TikTok’s Chinese parent company, ByteDance, has struck a deal with a board of American investors backed by President Donald Trump to create a new U.S version of the app, bringing an end to the yearslong legal saga that sought to decouple the app from its Chinese ownership over national security concerns.
The new company, TikTok USDS Joint Venture LLC, will follow a governance structure outlined by the Trump administration in an executive order last year. It will be majority-owned by three managing investors: the software giant Oracle, the Emirati state-owned investment fund MGX and the global private equity firm SilverLake. The Dell Family Office, the personal investment firm of the chairman and CEO of Dell Technologies, Michael Dell, is also an investor.
The U.S. app will “operate under defined safeguards that protect national security through comprehensive data protections, algorithm security, content moderation, and software assurances for U.S. users,” according to a news release from TikTok on Thursday announcing the deal. The deal is intended to address national security concerns about TikTok’s ties to China, which lawmakers and regulatory experts have long worried could use the data of more than 200 million American users for adverse purposes.
ByteDance will retain just less than 20% ownership of the new joint venture, which falls in line with Trump’s demands that the app be majority-owned by U.S. companies in order to continue operating. A seven-member board of directors, majority American, will be tasked with governing the app’s U.S. operations.

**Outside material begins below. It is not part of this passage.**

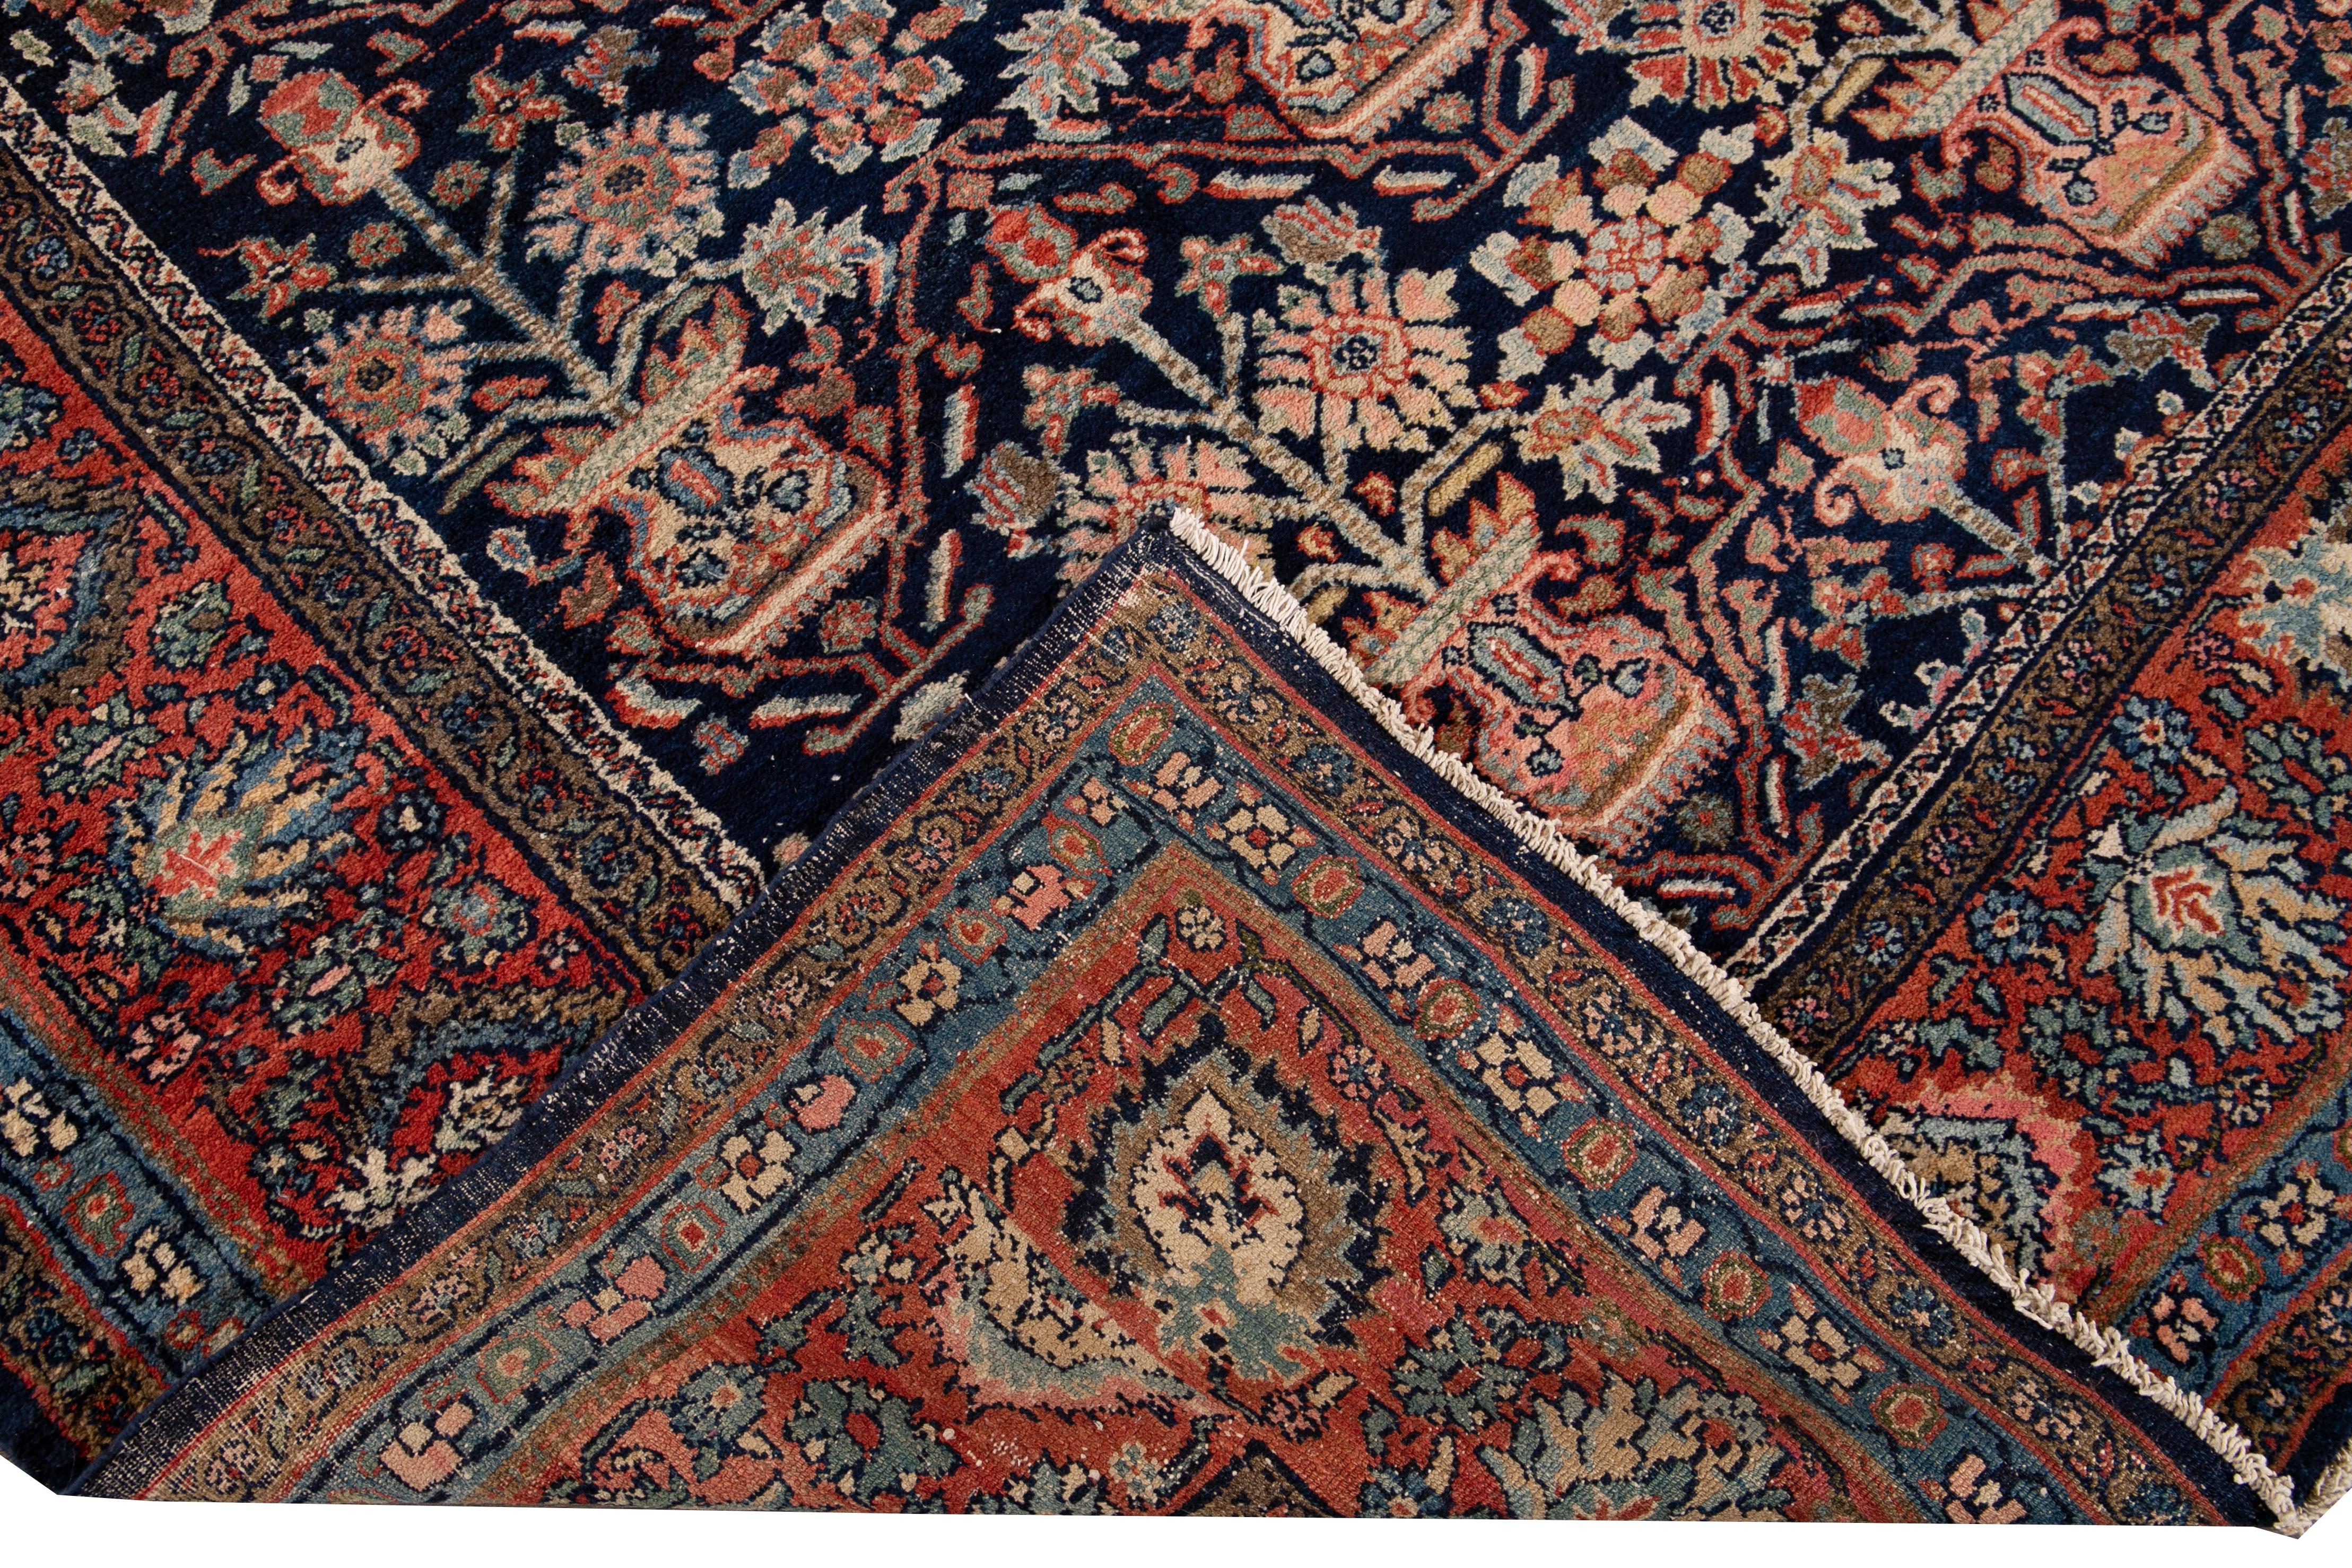 Schöne Vintage Persian Malayer handgeknüpften Wollteppich mit einem blauen Feld. Dieser Malayer-Teppich hat einen roten Rahmen und mehrfarbige Akzente in einem geometrischen Botanical-Muster.

Dieser Teppich misst: 9'3

TikTok CEO Shou Zi Chew will have a seat on the board. He will be joined by Timothy Dattels, senior adviser to investment firm TPG Global; Mark Dooley of Susquehanna International Group; Egon Durban of Silver Lake; Raul Fernandez of DXC Technology; Kenneth Glueck of Oracle; and David Scott of MGX.
The deal marks the end of a winding legal journey for the popular short-form video app. In 2024, Congress passed a law that required ByteDance to divest its interest in TikTok by Jan. 19, 2025, or face a nationwide ban. TikTok appealed, but the Supreme Court ruled unanimously to uphold the law, days before Trump was set to return to the White House for his second term.
After the deadline for a sale passed, the app briefly went dark in the U.S. Trump, who had been a critic of the app in 2020 after it skyrocketed in popularity during the coronavirus pandemic and tried to force a sale to U.S. companies, repeatedly vowed to “save TikTok” upon returning to the White House.
Trump credited the app’s Generation Z influencers and content creators, many of them young male supporters whose sphere of influence worked to send him back to the White House, as reason for doing so.